During the review of the EU’s trade policy conducted by the WTO this week, the EU will stress its role in strengthening the multilateral trade system and in pushing ahead the on-going WTO negotiation under the Doha Development Agenda (DDA). Key developments in the EU’s trade policy will also include integration of ten new EU Member States in the EU’s trade system as well as a major overhaul of the EU’s agricultural policy with positive effects for the other WTO members and in particular developing countries.
“Since the last WTO Review two years ago, there have been major developments in the EU’s trade policy’” said EU Trade Commissioner Pascal Lamy. “We have enlarged to 25 Members and integrated those economies into our trade regime, with major benefits for our partners. We have reformed the common agricultural policy and thus strengthening our position in the WTO negotiations. We have continued to lead the Doha Round which made significant progress in July. We have also in these years put trade at the service of sustainable development. I expect all these developments will be reviewed this week by WTO. I look forward to the results of this weeks review.”
The WTO Trade Policy Review Body reviews every two years the EU’s trade policy, the previous review being in July 2002. The review is done on the basis of a report drawn up by the WTO Secretariat. The report prepared by the WTO Secretariat for this occasion underlines the predominant position of the EU in the WTO, and recognises the EU’s instrumental role in advancing the Doha Development Agenda. The WTO Report also explains that the EU has not only sought further trade opening, but has supported stronger international trade rules and used trade to achieve sustainable development.
The Trade Policy Review in WTO is an opportunity for the EU to demonstrate its commitment to multilateral institutions and solutions. The EU’s primary objective in the Doha Round remains the strengthening of rules and further opening markets for goods and services around the world, so as to benefit workers, consumers and businesses. Equally, the WTO review will demonstrate how the EU’s open and dynamic market economy relies upon high levels of social provision and human capital, and promotes sustainable development.
The WTO Review will also focus on the EU’s regional and bilateral trade initiatives, aimed at helping developing countries trade more and enjoy economic growth. In parallel with the Doha Development Agenda, the EU has provided even greater access to the EU market through regional and bilateral agreements as well as the extensive use of its system of unilateral preferences (Generalised System of Preferences – GSP) for developing countries, and the provision of duty- and quota-free access to exports from the world’s 50 poorest countries under the Everything-But-Arms initiative.
In addition, the EU is fostering regional integration within the developing world, notably through the Economic Partnership Agreements (EPAs) negotiations with ACP regions. Negotiations on the EPA’s began during the period covered by this Trade Policy Review. These agreements aim first and foremost at fostering regional integration of ACPs countries, thus creating economies of scale capable of fostering South-South trade and investment. These and other regional negotiations complement the WTO agenda.

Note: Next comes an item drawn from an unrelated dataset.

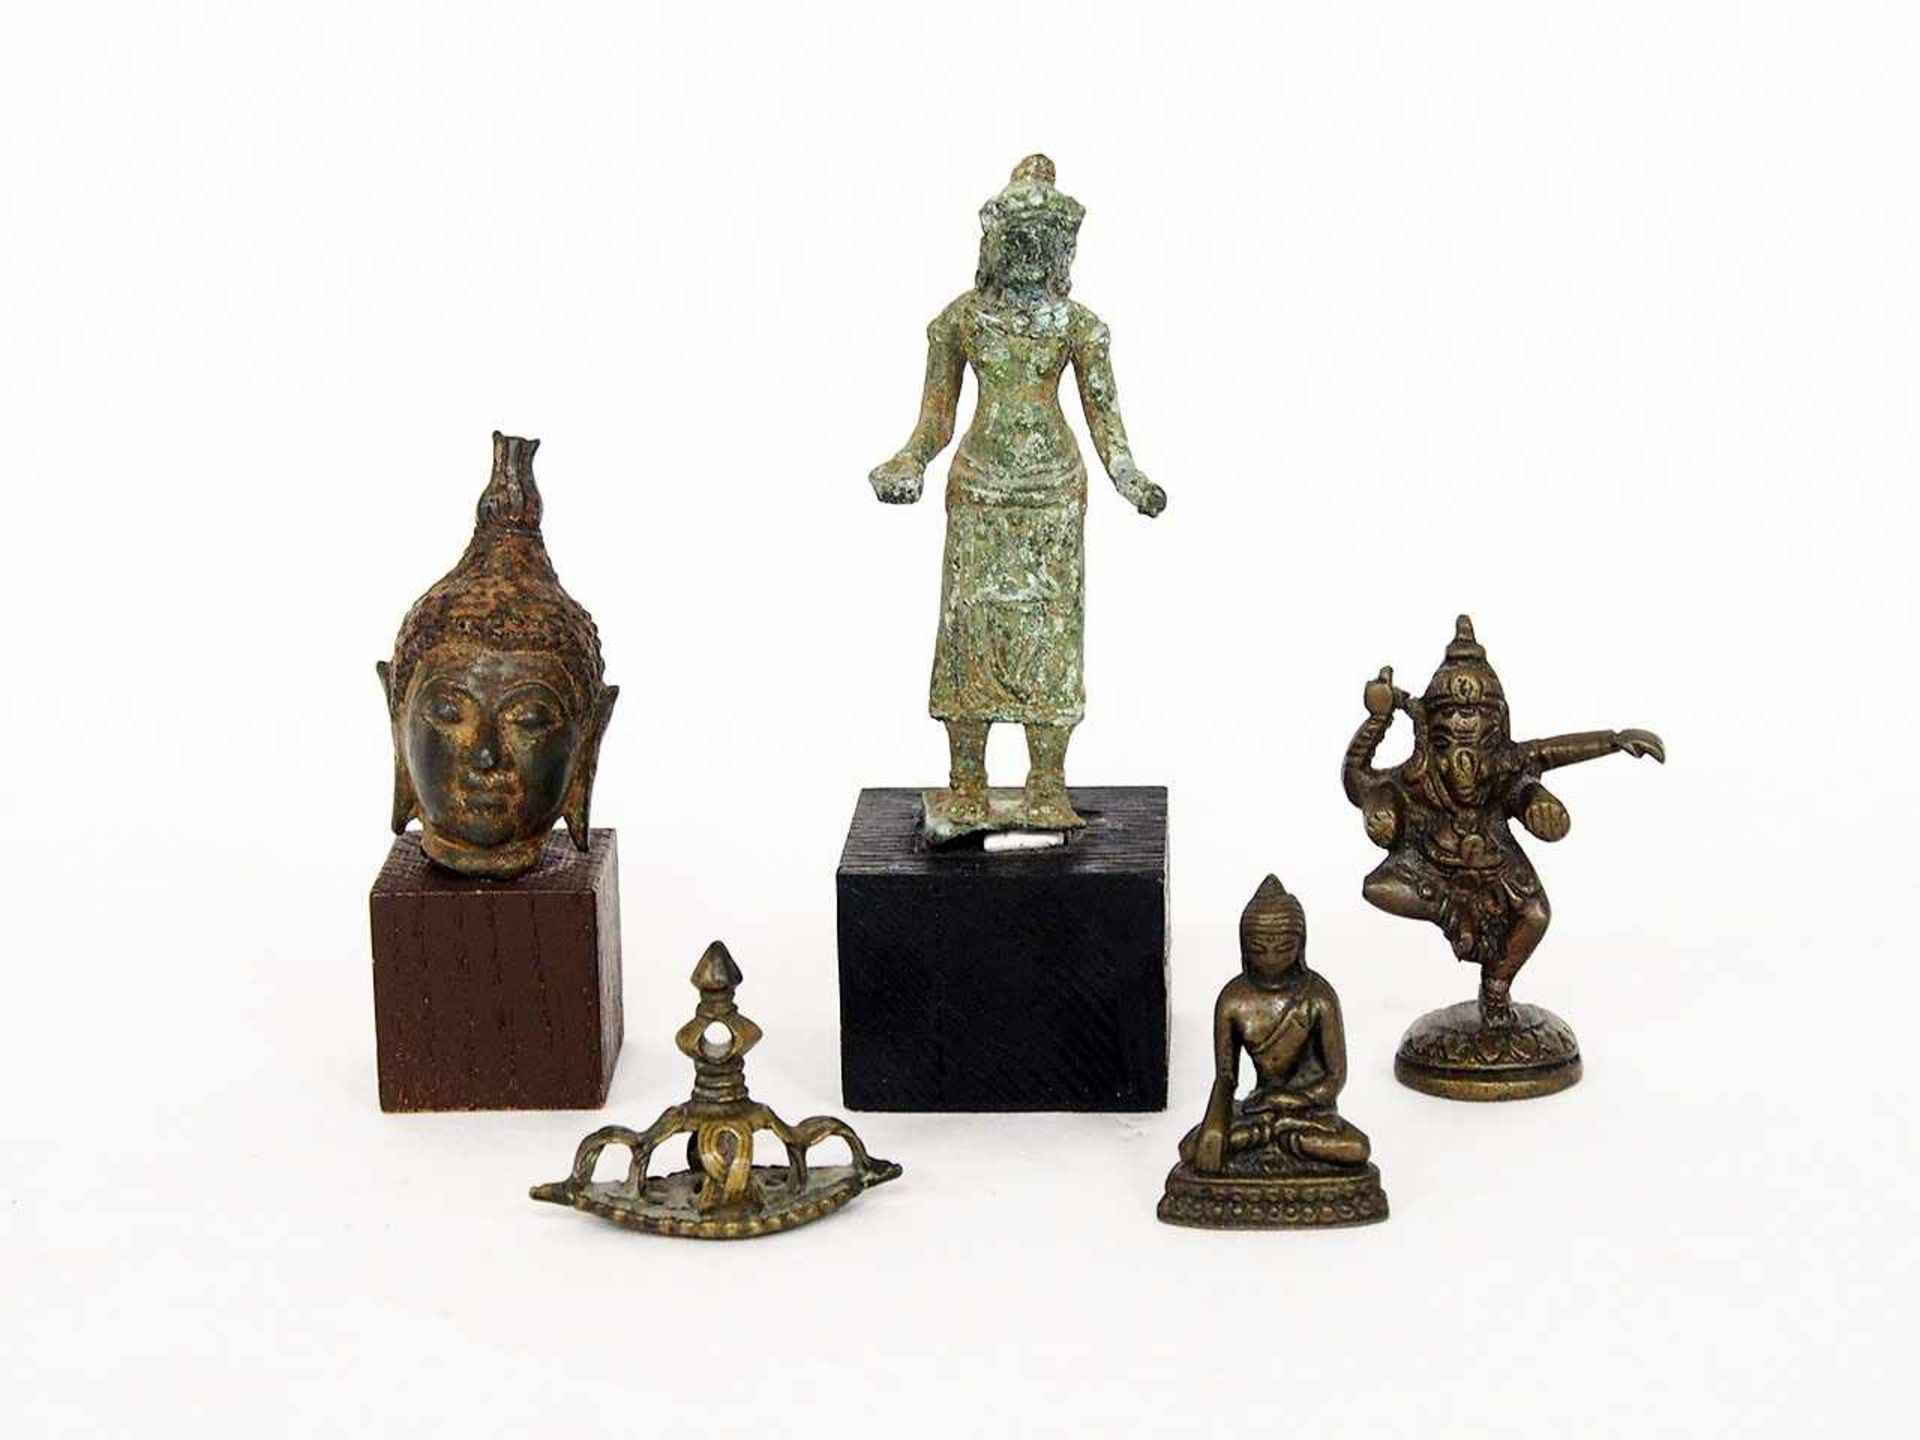 Konvolut BronzeobjekteThailand 17.-19. Jh., Ganesha, Buddha-Kopf, thronender Buddha, stehender

The EU’s support for the multilateral system is rooted in its experience of integration in Europe. The creation and consolidation of the Internal Market is itself a model for how globalisation can be better managed through international cooperation and the setting of common rules. The major enlargement to 25 Members on 1 May 2004 expands those rules and a common trade policy to a wider Europe. The WTO Review this week will show that EU enlargement has also created major opportunities and benefits for the EU’s trading partners: by providing them with a bigger EU market anchored on common commercial policy, by lowering tariffs in the new Member States, and by expanding arrangements for developing and least-developed countries.